*DATASET EXTRACT:*
- Opening Delimiter -

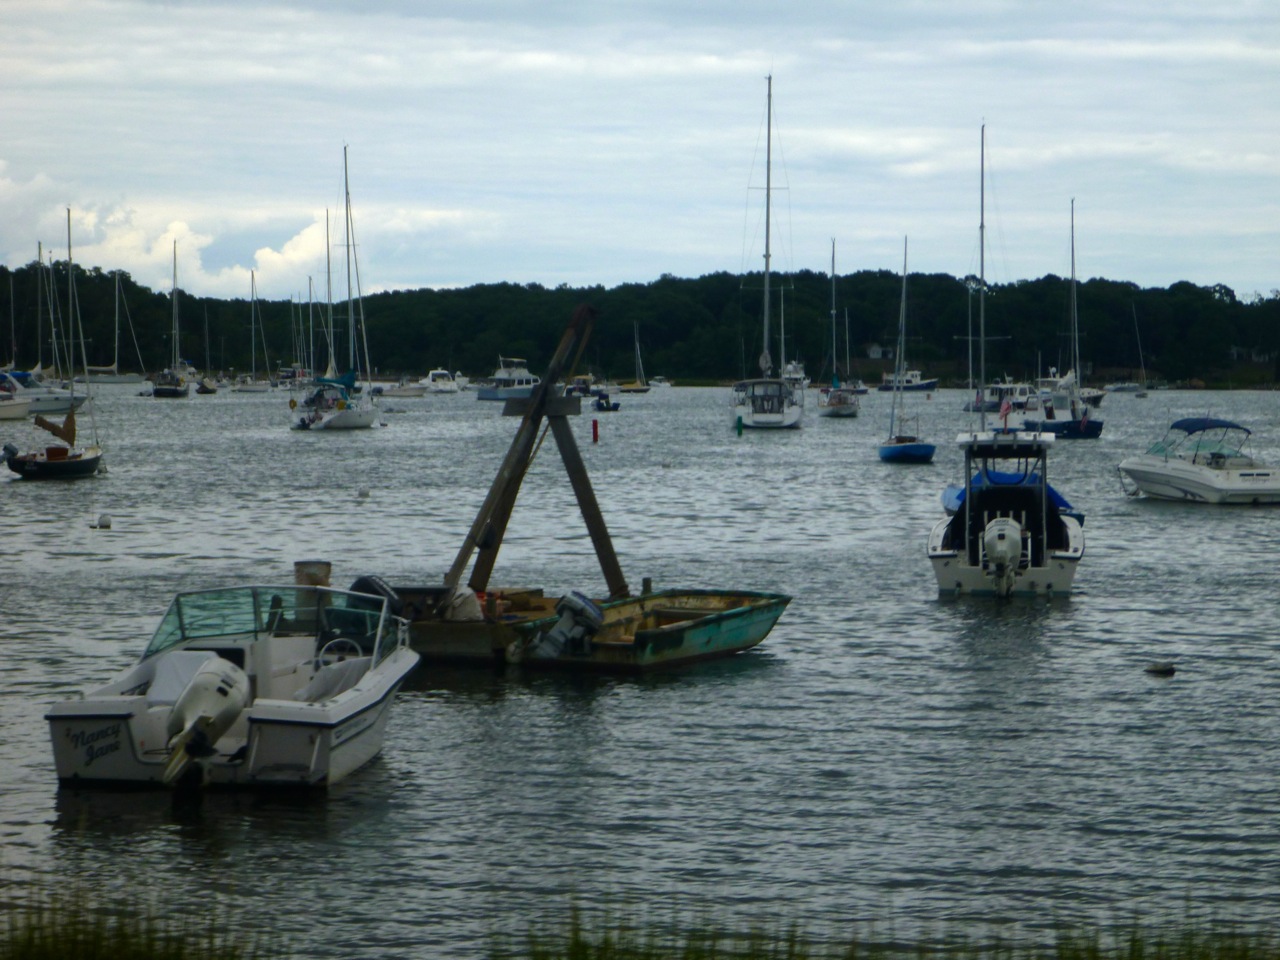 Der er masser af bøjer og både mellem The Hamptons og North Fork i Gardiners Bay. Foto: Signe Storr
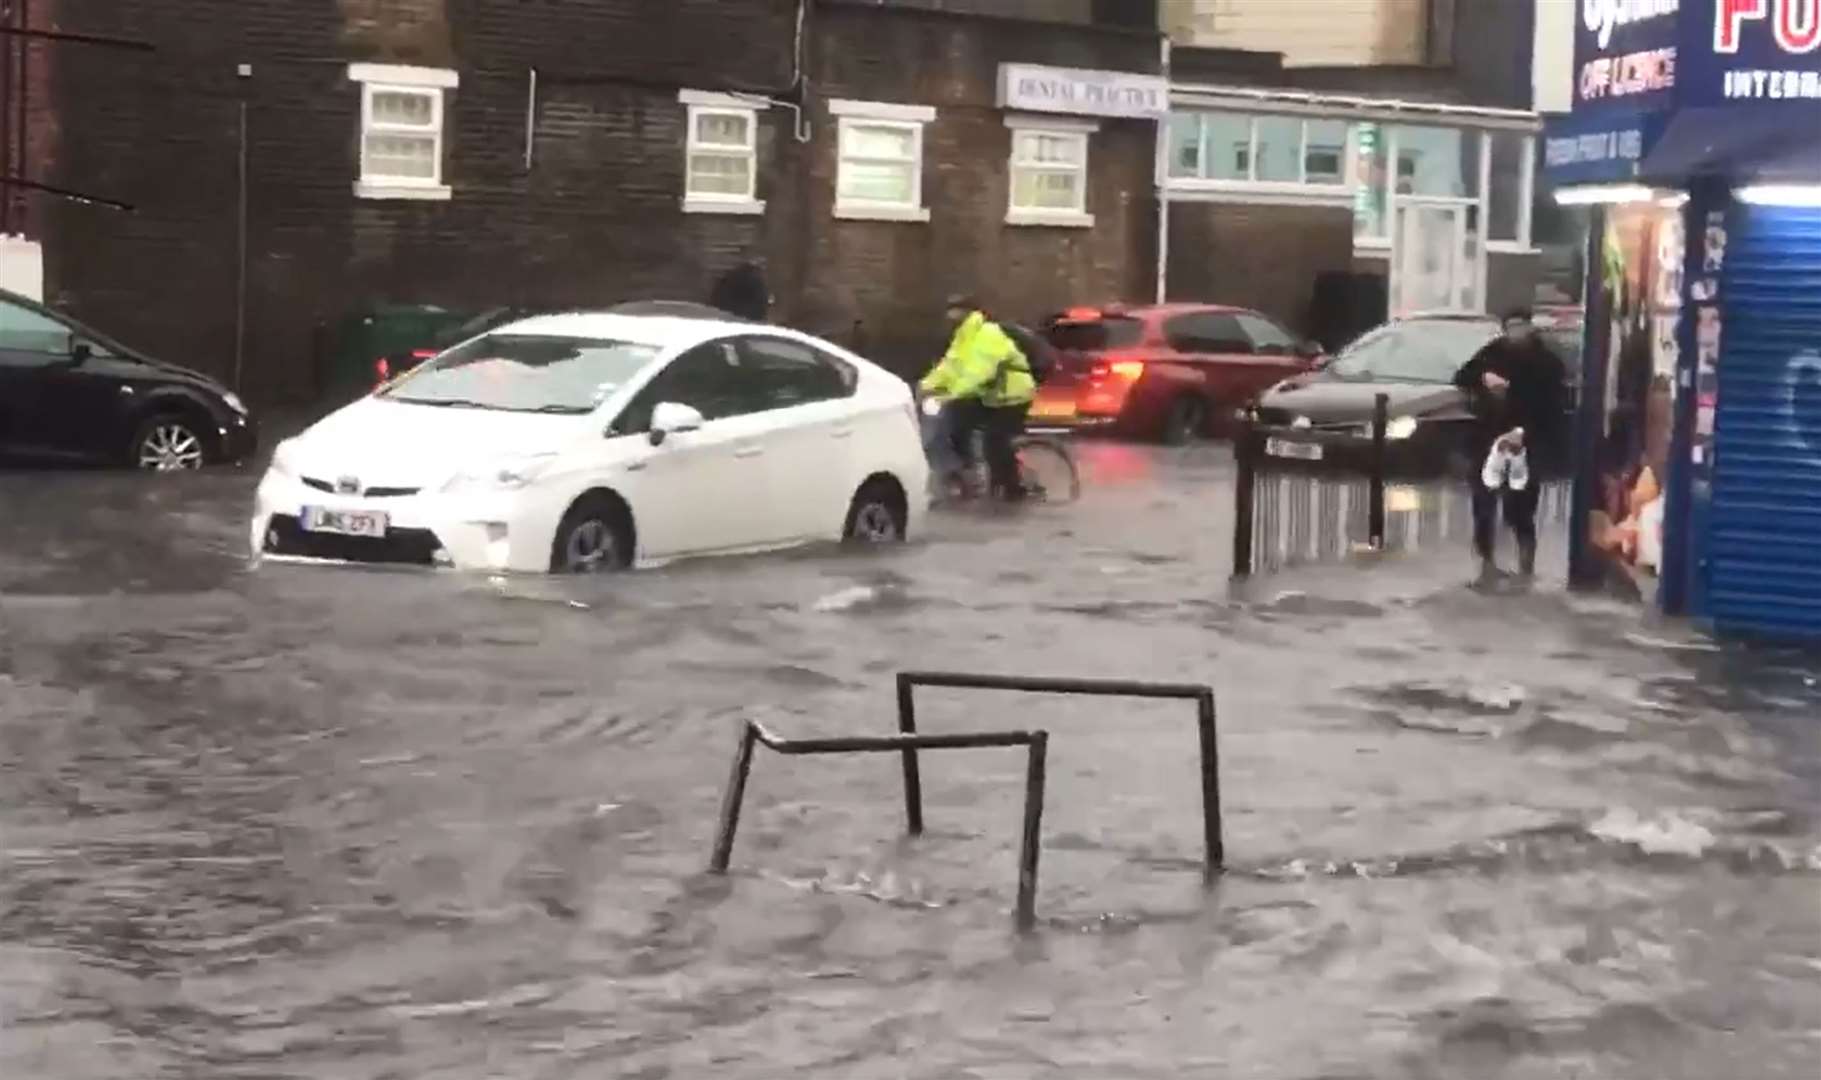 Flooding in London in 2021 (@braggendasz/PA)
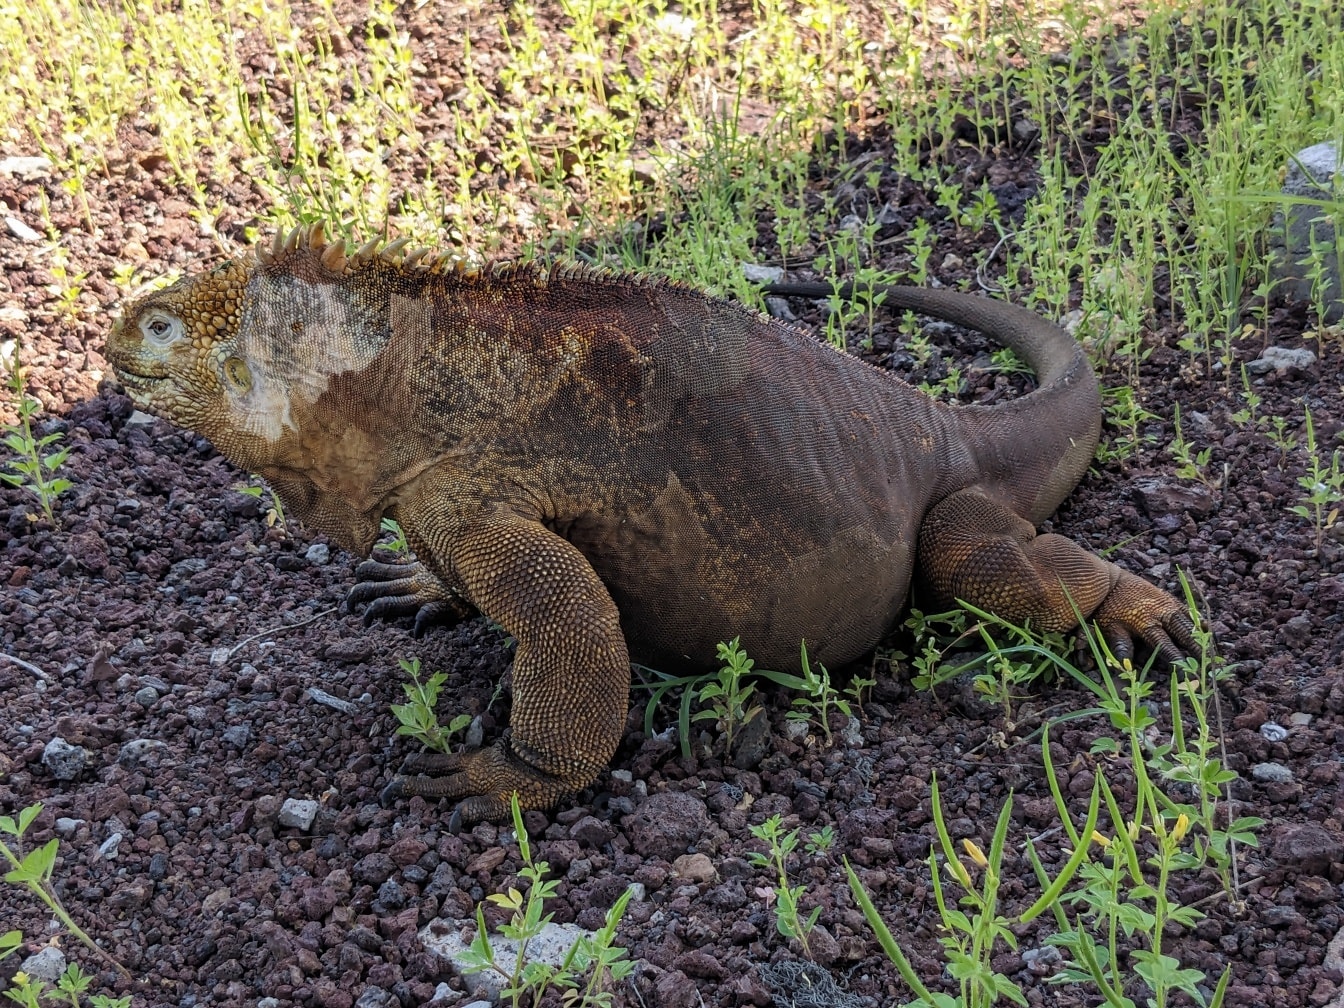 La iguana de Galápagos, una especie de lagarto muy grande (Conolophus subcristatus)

- Closing Delimiter -

*WORK TO COMPLETE:* Write out every line above again exactly, with the pictures left out.

*SOLUTION TO THE EXERCISE:*
 Der er masser af bøjer og både mellem The Hamptons og North Fork i Gardiners Bay. Foto: Signe Storr
 Flooding in London in 2021 (@braggendasz/PA)
 La iguana de Galápagos, una especie de lagarto muy grande (Conolophus subcristatus)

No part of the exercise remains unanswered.